“We live in a wonderful world that is full of beauty, charm and adventure. There is no end to the adventures we can have if only we seek them with our eyes open.” – Jawaharial Nehru
On my upcoming sojourn in the archipelago I will be travelling to the eastern islands starting from Bali and then island-hopping eastwards to the far eastern island of Flores. Quite a while back I did this trip and was immensely impressed with the individual island’s culture and its peoples. Of course I can expect some changes to have occurred, like the losmens I stayed in last time might not be there, the warungs where I enjoyed the tastes of the local delicacies could have closed down or the friends that I made, moved on to better things. Most of the eastern islands are relatively poor compared to those of the larger islands and that of the mass tourism island of Bali. Subsequently, any though of western comforts are soon dismissed and should be before you venture out on a journey like this. It’s not a journey your regular tourist to Indonesia does.

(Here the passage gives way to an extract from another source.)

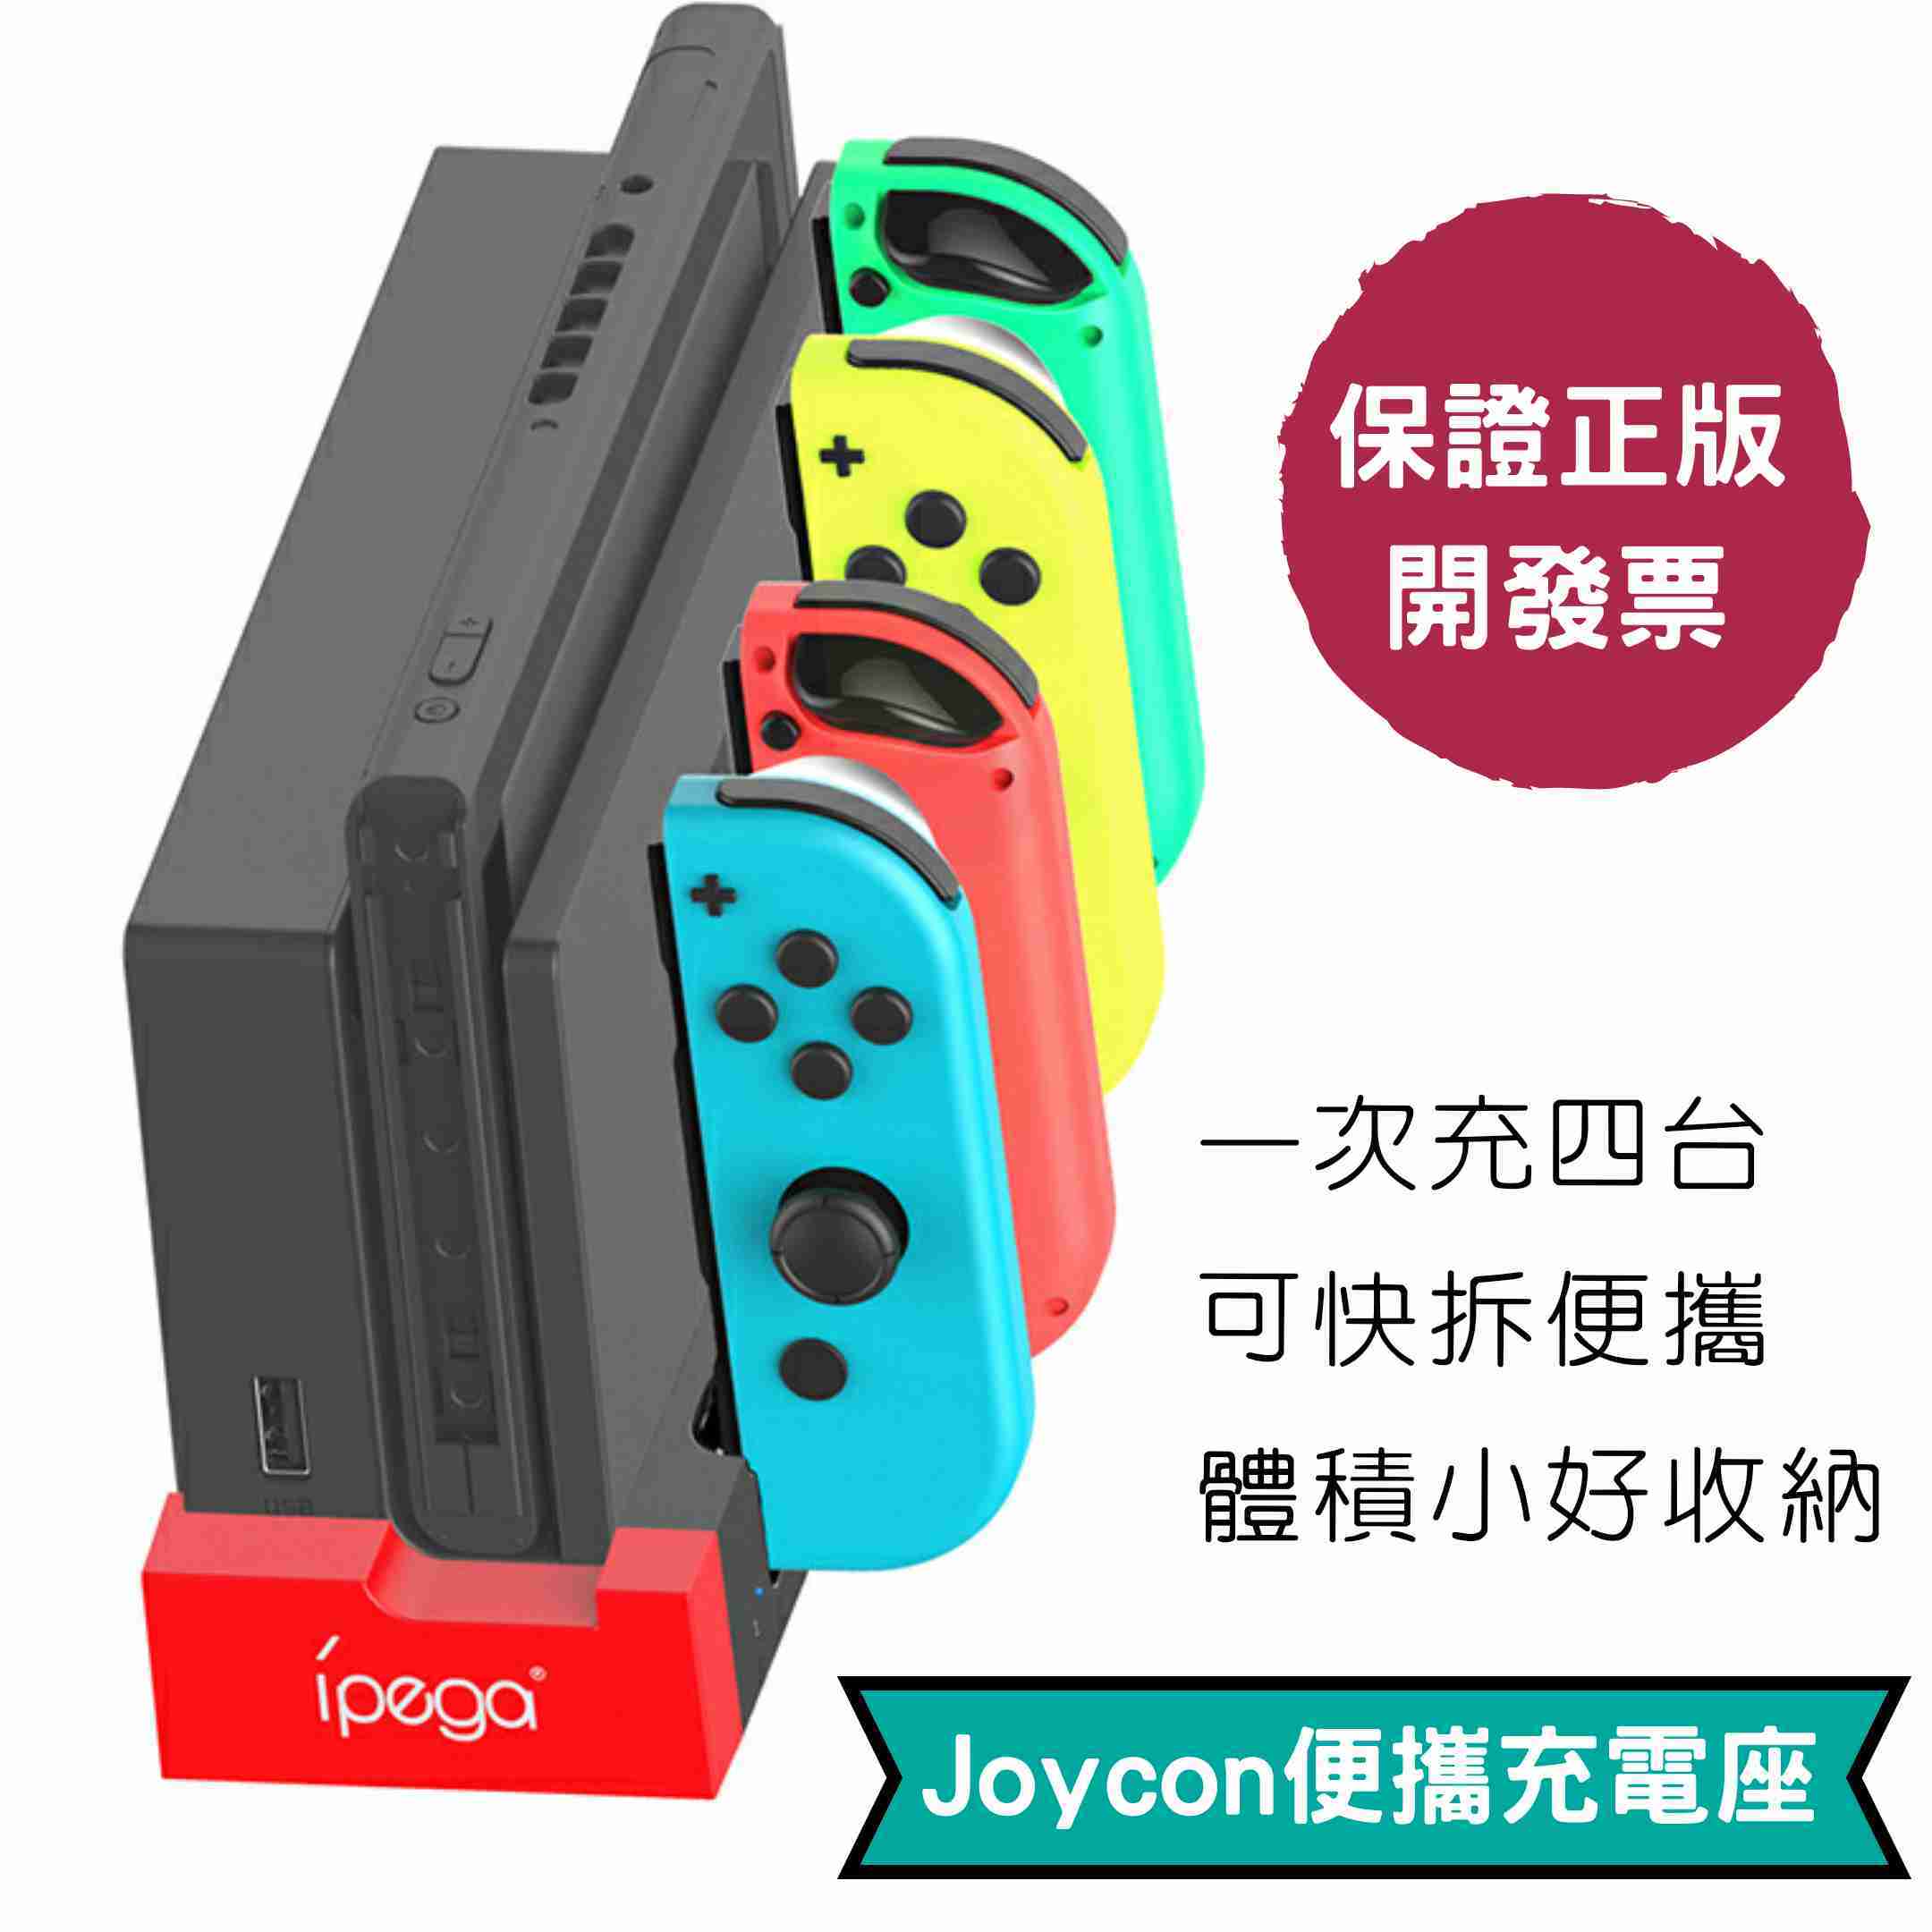 保固發票 Joycon充電座 一次充4個 Joycon搖桿充電底座switch Ns必備週邊手把收納jc充電座 Ultra Games 3c 線上購物 有閑娛樂電商

Travelling with an open-mind is the first and main requisite one should have as well as a willingness to interact with the locals as much as possible. Gone will be the air-conditioned vehicles so used to in places like Java and Sumatra and my plan is to utilise the public transport system as much as possible. Although in the beginning I will be flying from Bali to Ampenan Airport in Lombok, much preferring that mode of transport as compared to the high-speed boats that are on offer, it is from Lombok the adventure begins. Some of you might think that this is a ‘walk in the park’, but you haven’t travelled with me. Quite a few years back I took a couple of friends, who attested they were extremely adventurous, to the interior of Kalimantan and needless to say, I have never seen them again since their return to Australia.. Perhaps I was a little too adventurous!. Anyway, back to my upcoming sojourn. Of course I could fly between the islands but what fun is that. You can’t experience or see very much by doing this from up in the air.
The eastern islands, for some unknown reason, do not attract the regular tourist as the other islands do and in fact the majority of westerners are travellers – those slinging a backpack seeking out new ventures and wonders – those folk who enjoy scuba diving, surfing, and of course those people who have a desire to explore. I myself embrace all the aforementioned apart from surfing as the days of me screaming through tubes died a slow lamented death in my youth. Staying overnight in Mataram, Lombok is the wise path to take and the following morning board one of the many through buses that travel to the far east of the island and the harbour of Labuhan Kayangan. Boarding one of the ferries that take around 90 minutes over to the island of Sumbawa and the port of Labuhan Tano is spectacular and can be un-easing in rough weather. These ferries are relatively safe even though first appearances can be a tad off-putting as their rusty hulls make no confidence in ocean travel a comfortable thought. If it is a stormy day then I will be sitting put until the better weather arrives mainly because I do not have a desire to dance on the water to avoid sharks!. I could continue on to Sumbawa Besar but once in Labuhan Tano finding a place to stay overnight would be the way to go, for me anyway, not for the feint-hearted. Then it will be a matter of catching one of the through buses direct to Sumbawa Besar, the capital of West Sumbawa. There is a variety of places to stay with prices to match the quality, so finding good digs for the a few days will be imperative. Then it will be a matter of hiring a motorbike and exploring the area and its antiquities.
After a few days exploration it is then onto Dompu and Bima in the east of the island along the quite reasonably surfaced Dompu – Bima Highway. How long I will spend in both these places will depend on many factors mainly because I will want to get over to Komodo Island from the harbour at Sape. The ferry ride between these islands takes around eight hours and not a nice run if the weather is bad and seas rough. So it will be a matter of picking the right day. I could go straight to Labuhanbajo in Flores from Sape. Isn’t it nice to have a choice!. Ideally, a stay overnight on Komodo Island would be the way to go but it’s all a matter of time. The neighbouring island of Rinca is definitely on the list of places to visit but it would be a short stay as my main goal is Flores. The place on Flores I want to re-visit the most is Ende mainly for its culture and surrounding spectacular scenery. I tossed the idea around in my head for weeks as to what to do as far as transport and accommodation on the island of Flores is concerned but eventually came up with the idea of staying a few nights at Labuhanbajo and enjoying the great diving there and the beautiful beaches.
After that, it will be a matter of hiring a motorbike and taking a slow ride across Flores to Ende. My aim is to stay in Ende for at least a week before heading back to Sumbawa by ferry and then boarding a flight to Lombok for a bit of rest and relaxation. As if!. I will be too busy exploring the island of Lombok on a motorbike. This is going to be a magical journey.